Figure 6. AtBPC6 forms parallel dimers in planta.

(A–C) Confocal laser scanning microscopy analysis of GFP-/RFP-fusion proteins and mCherry-NLS in transiently co-transformed Nicotiana benthamiana epidermis cells. All proteins localize to the nucleus. GFP fluorescence intensities (D) and RFP-FRET fluorescence intensities (E) under GFP-excitation light. (F) In vivo GFP fluorescence life time measurements of all four possible GFP/RFP protein combinations fused to either the N- or the C-terminus of AtBPC6. BPC6-GFP and BPC6-GFP/mCherry-NLS combinations serve as controls. Pictographs (right hand side) display the only possible zipper orientations that are in accordance with the GFP fluorescence life time measurements.

While strong GFP-fluorescence was recorded for all transformed cells (Figure 6 D), under GFP-excitation light RFP-FRET-fluorescence could only be measured for BPC6-GFP/BPC6-RFP (Figure 6 E) or GFP-BPC6/RFP-BPC6 co-transformed cells (data not shown). These findings are already a strong indication that parallel AtBPC6 dimers are formed in planta.
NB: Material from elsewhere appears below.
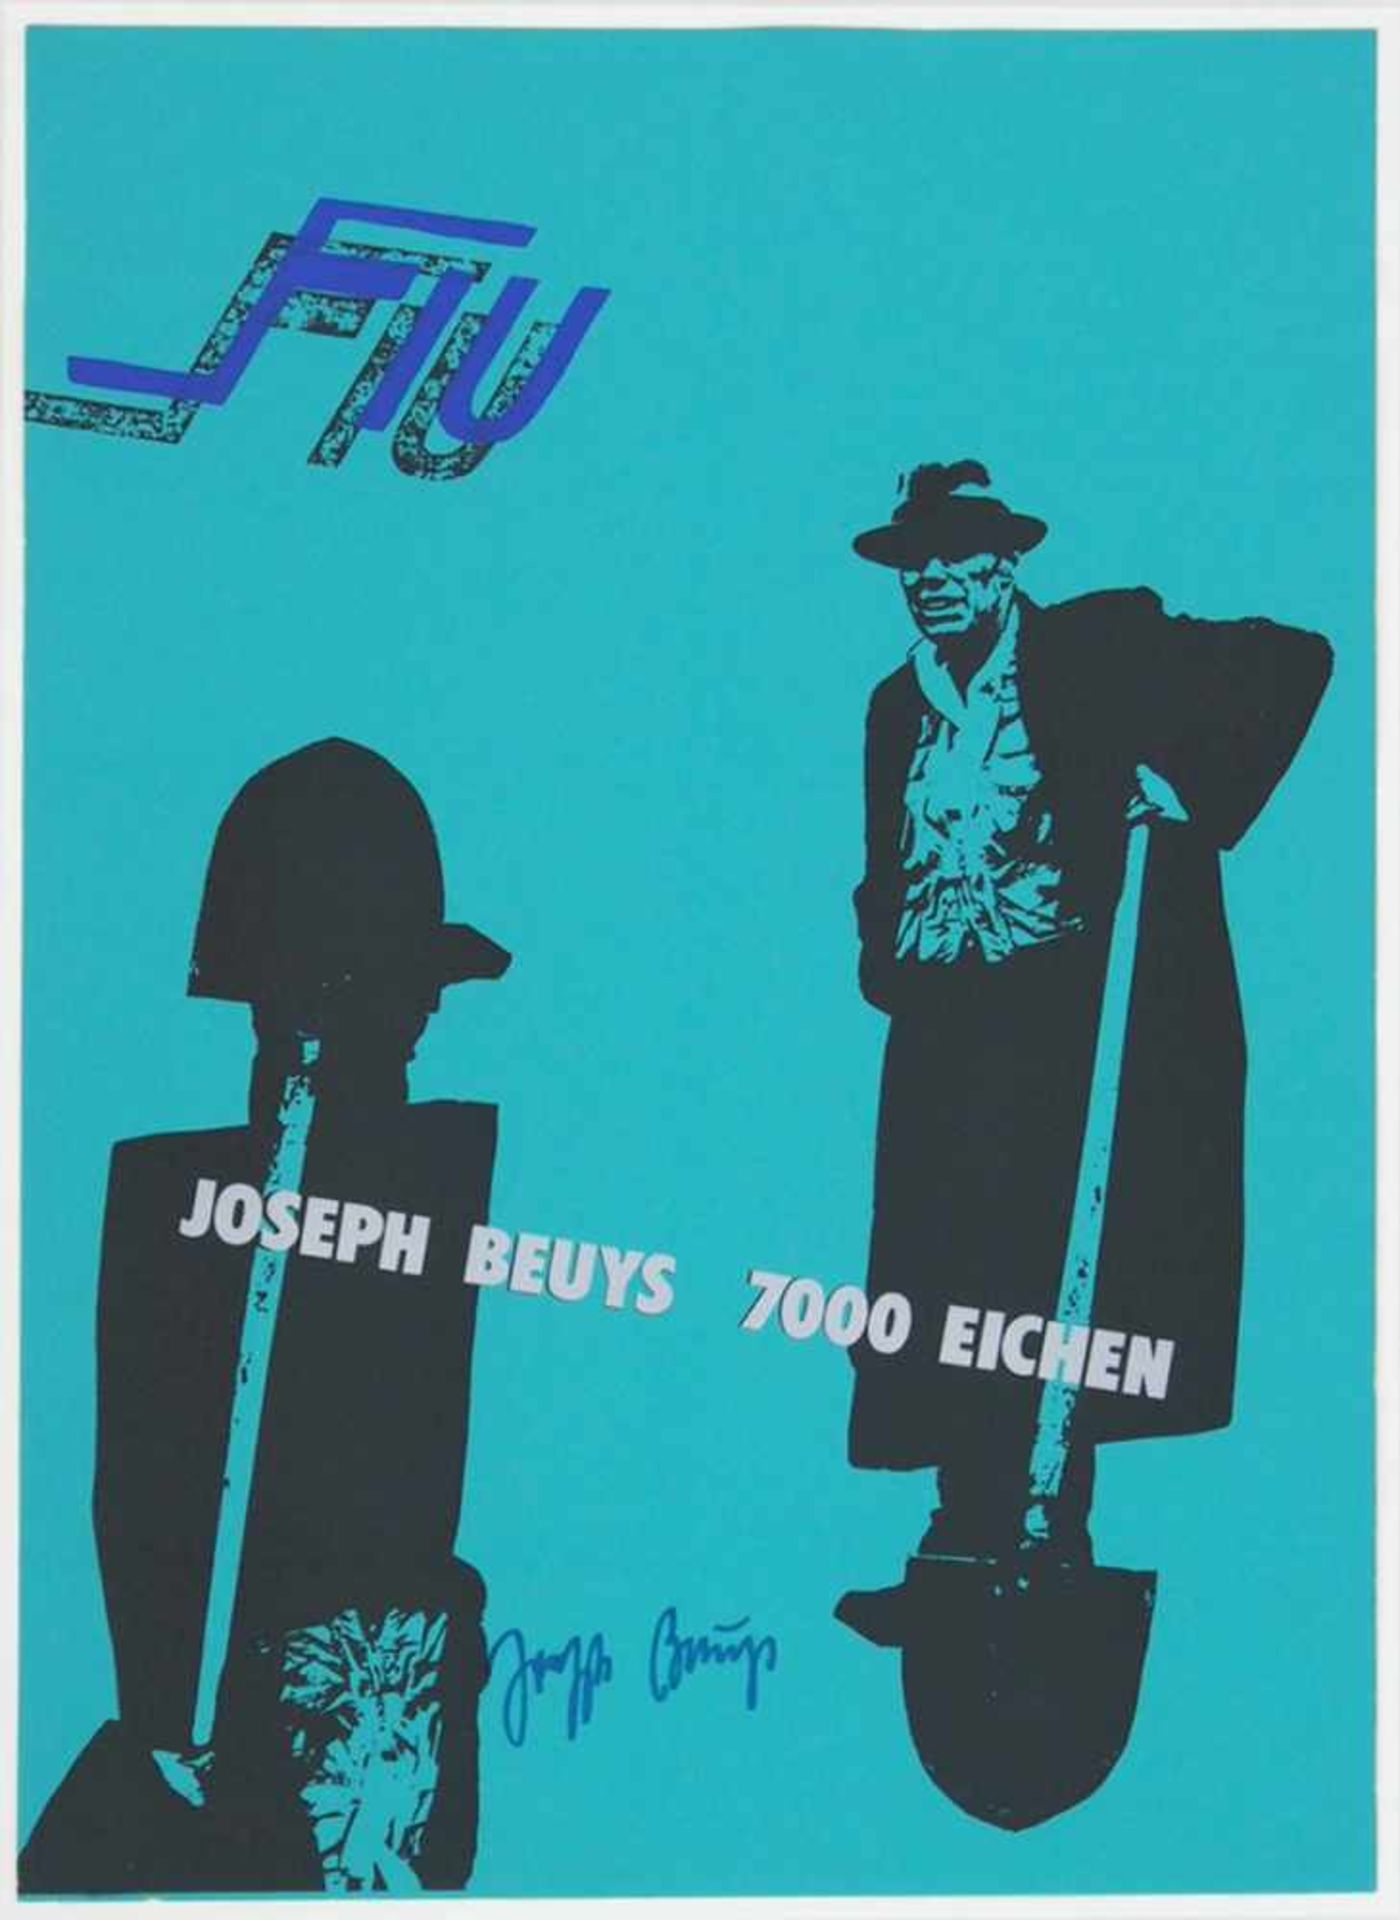 BEUYS, Joseph1921-1986FIU - Joseph Beuys 7000 Eichen1982, Siebdruck, signiert, 61 x 43 cm, gerahmt
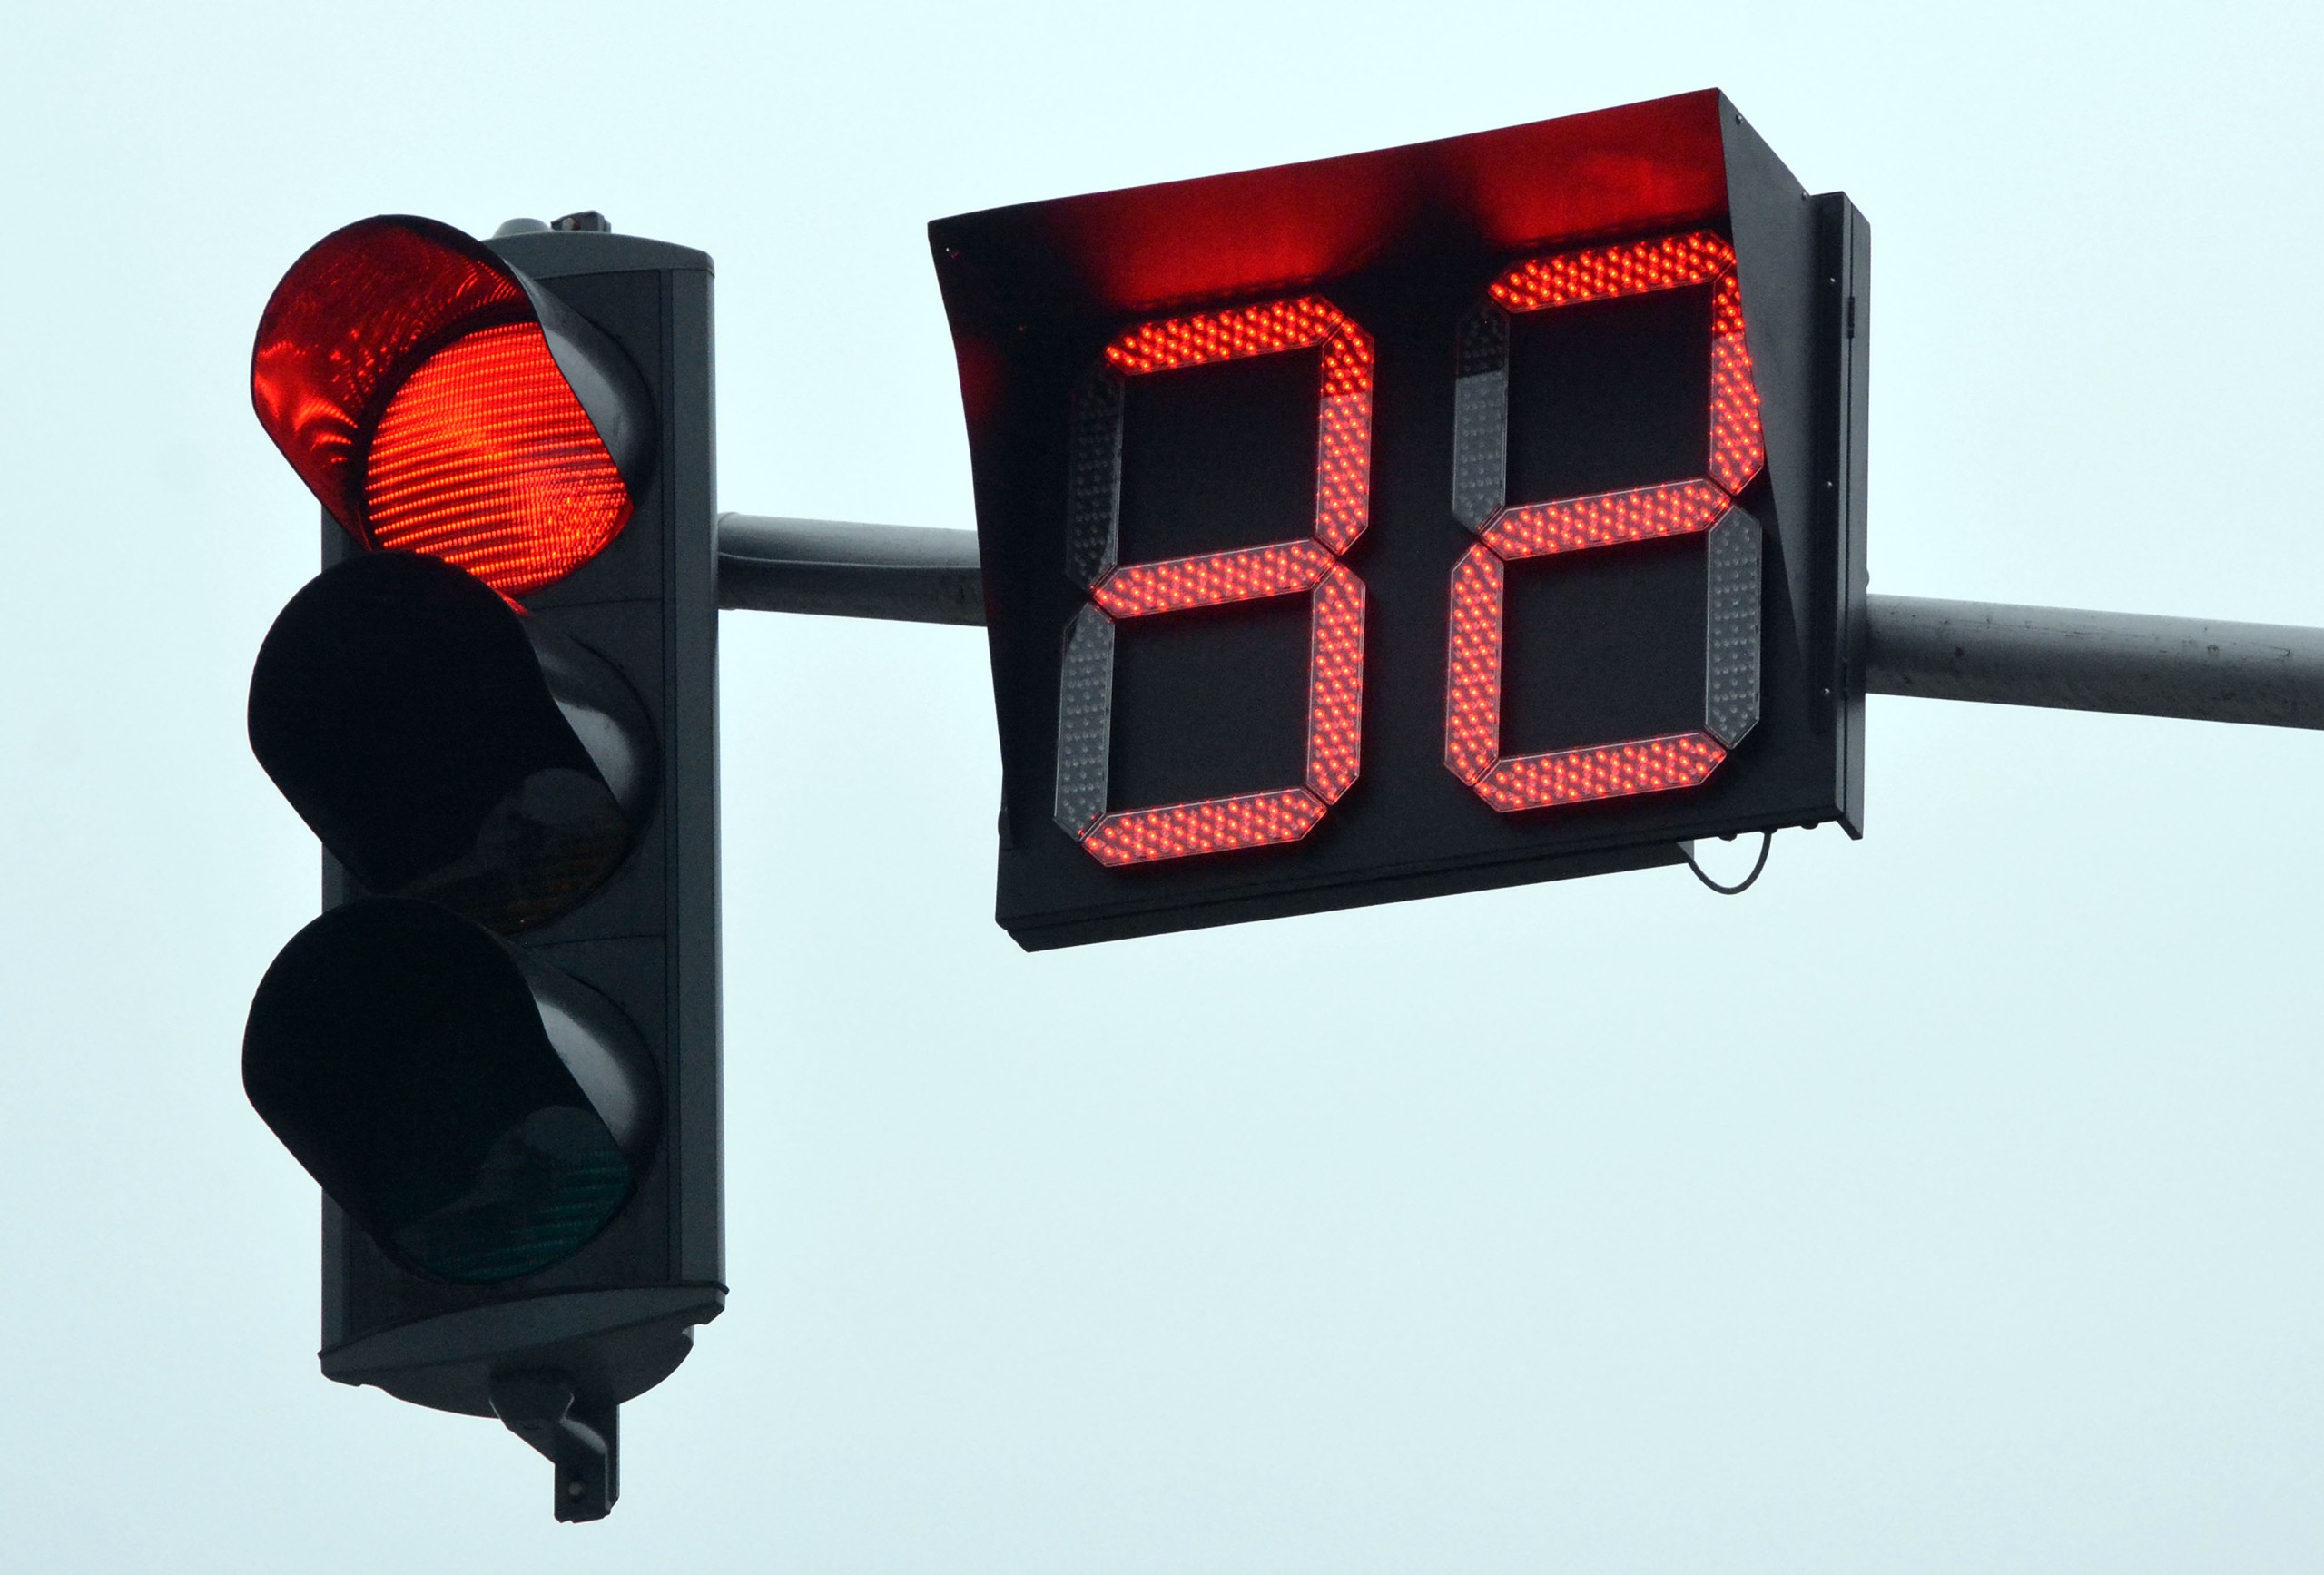 12.02.2018., Slavonski Brod - Na gradskim prometnicama postavljeni semafori s brojacima vremena. "nPhoto: Ivica Galovic/PIXSELL

An antiparallel orientation of the zipper would arrange the chromoproteins for BPC6-GFP/BPC6-RFP (both fusions at the C-terminus) further apart than those for GFP-BPC6/RFP-BPC6 (both fusions at the N-erminus). We, therefore, analyzed the lifetime of GFP-fluorescence, which provides information about the physical and chemical environment of the chromoprotein. The closer RFP (FRET-acceptor) localized to GFP, the more decrease of the GFP-lifetime will be seen. The measurements revealed significant differences (p<0.01) for all co-transformed cells compared to the control transformations (Figure 6 F). The combinations BPC6-GFP/BPC6-RFP and GFP-BPC6/RFP-BPC6 displayed strongest decrease in GFP-lifetime. The values for the two co-transformations did not differ significantly between the two samples. Hence, this data can only be explained by a parallel orientation of the helices.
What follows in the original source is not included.